Chaque fois que les décisions importantes sont à prendre, les femmes sont occupées à l’organisation des évènements ou sont occupées à préparer les repas
Elles sont des citoyennes à part entière. A ce titre, elles doivent se battre pour la jouissance des droits que les différents instruments juridiques reconnaissent à toutes et à tous, et à elles spécifiquement. Les questions de quotas et de discriminations positives doivent être dépassées. Il faudrait qu’elles se battent pour mériter une place dans la société.
Pour cela, il faut vraiment intensifier les actions de sensibilisation, de formation et aussi, à la base, l’éducation. Il faut que les femmes soient instruites. Il faut que les femmes aient des diplômes du niveau supérieur pour réellement prétendre aux mêmes aspirations politiques que les hommes.

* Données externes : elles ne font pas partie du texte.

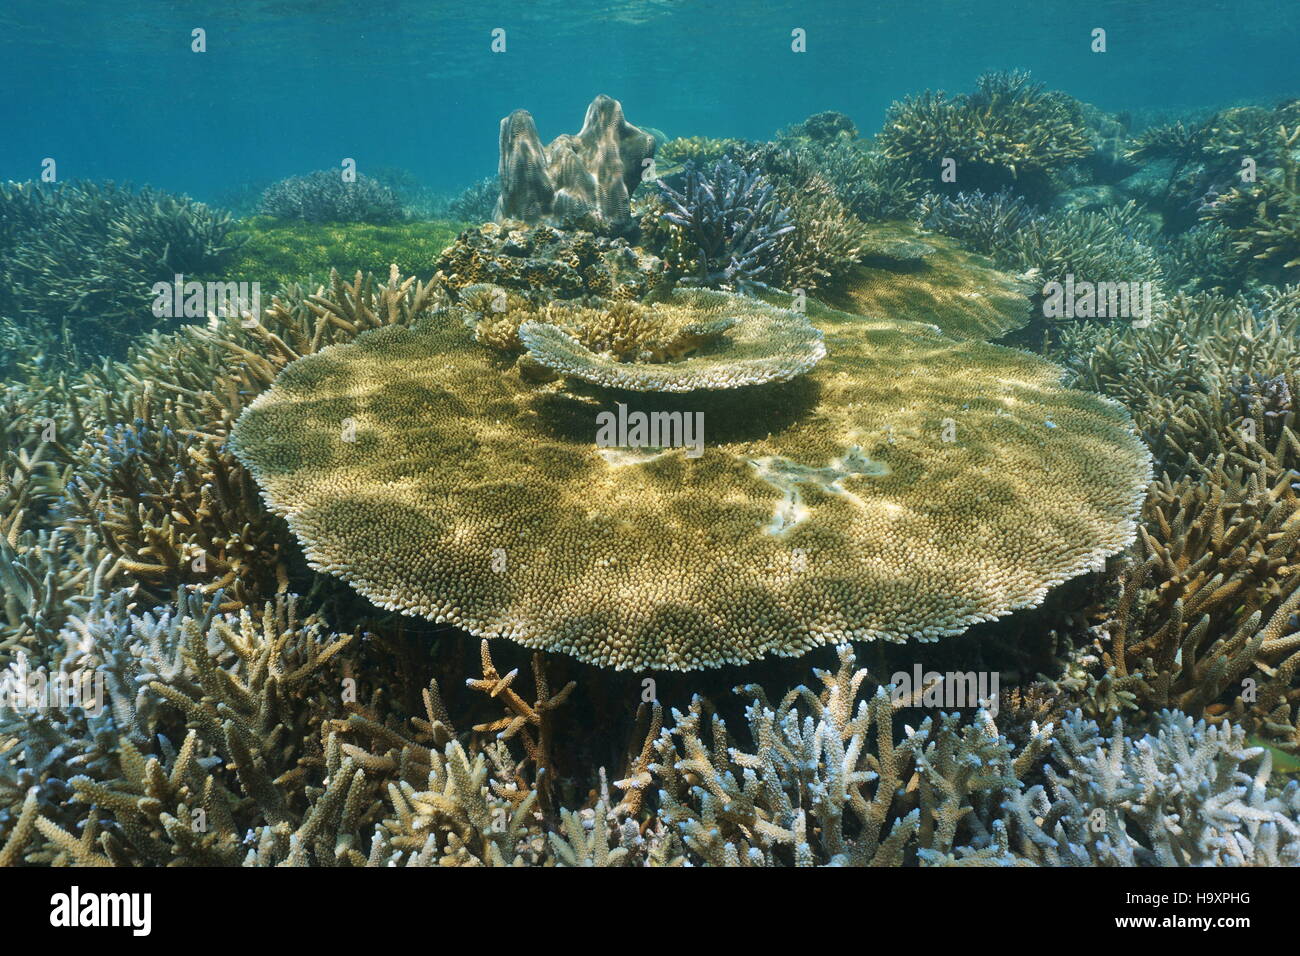 Underwater marine life, Acropora table coral on an healthy reef, New Caledonia, south Pacific ocean Stock Photo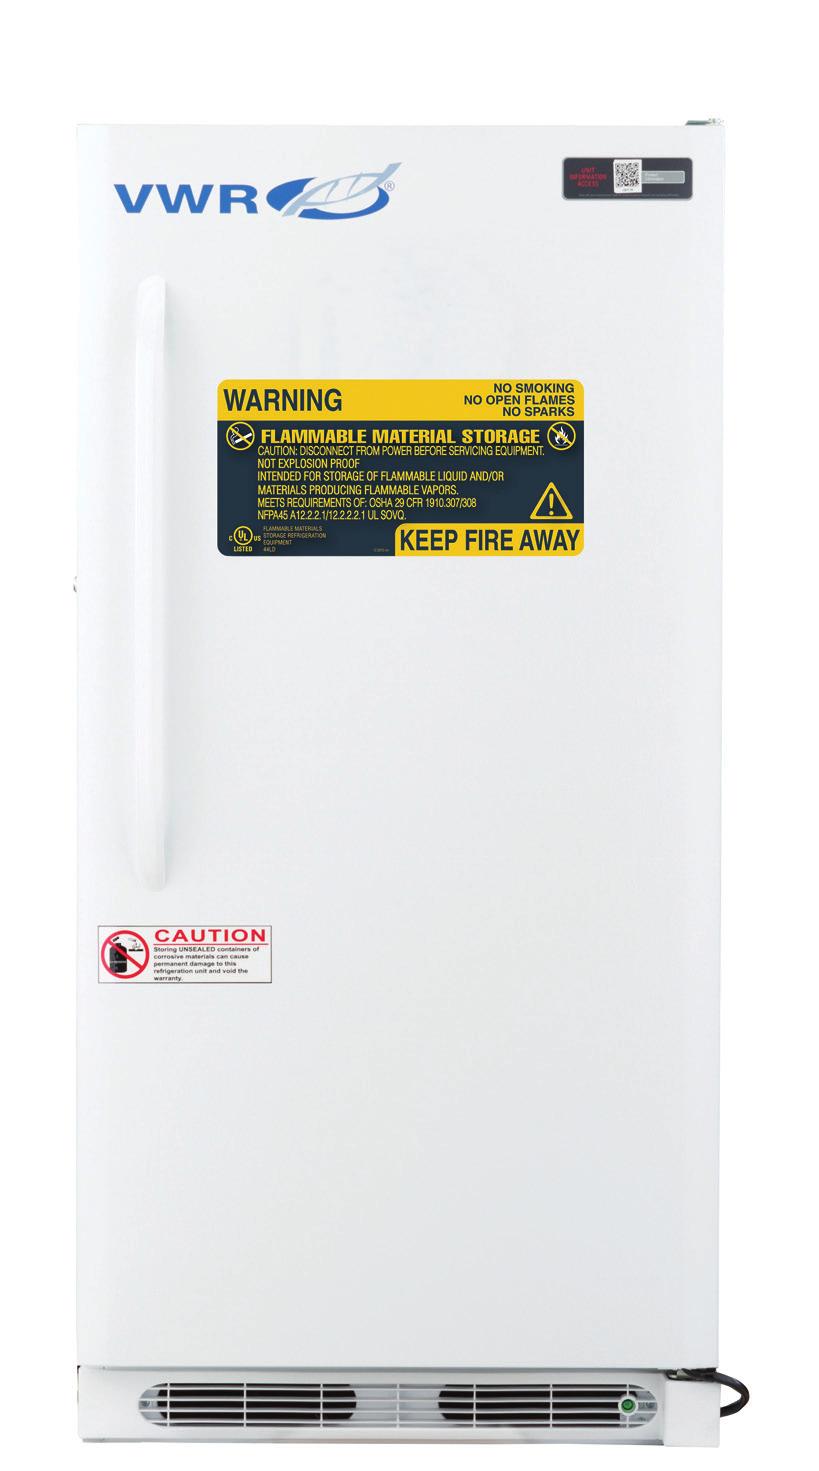 VWR STANDARD SERIES FLAMMABLE REFRIGERATORS & FREEZERS 1 to 10 C [Refrigerator] -15 to -25 C [Freezer] No internal electrical components inside of unit Electrical compressor components sealed in

Nous sommes dans une société qui n’est pas encore favorable à l’idée qu’une femme dirige toute une nation. Je pense néanmoins que la lutte n’est pas pour aujourd’hui. Elle a commencé et va continuer. Elle est loin de son aboutissement. Nous avons vu des femmes qui ont osé et des femmes qui se sont présentées à des échéances électorales même si elles n’ont pas été élues.
Si nous regardons ce qui se passe du côté du pays de Paul Kagamé, on voit bien qu’au Parlement il y a plus de femmes que d’hommes. Il faut donc une volonté politique. Un droit ne se donne pas ; il s’arrache. Si nous laissons ça à la volonté des uns, ils ne vont jamais l’appliquer de manière effective. Donc, il faut que les femmes se battent pour arracher leurs droits.
Quelle analyse faites-vous des mesures annoncées en faveur des femmes au lendemain des dernières élections présidentielles ?
Par rapport à l’engagement du Président de la République, j’estime qu’il est très tôt pour se prononcer là-dessus. Nous avons constaté, dans la formation du nouveau gouvernement, une violation de la loi sur le quota, pour manquement au nombre requis de femmes.
Nous sommes dans une société qui n’est pas encore favorable à l’idée qu’une femme dirige toute une nation
Par ailleurs, les pouvoirs publics ont tendance à limiter ce quota au seul gouvernement alors qu’il doit être élargi à beaucoup de postes électifs et nominatifs comme les gouverneurs, les préfets, les maires, les députés et les directeurs des administrations publiques.
Ce quota n’a pas été respecté. Or, le quota a été institué pour que les femmes puissent accéder aux instances décisionnelles. Certaines ont pu y accéder. Il faudrait songer à une parité désormais. Il faudrait changer le fusil d’épaule. Il va falloir que les associations féminines se montrent très actives. Le moment n’est pas au repos.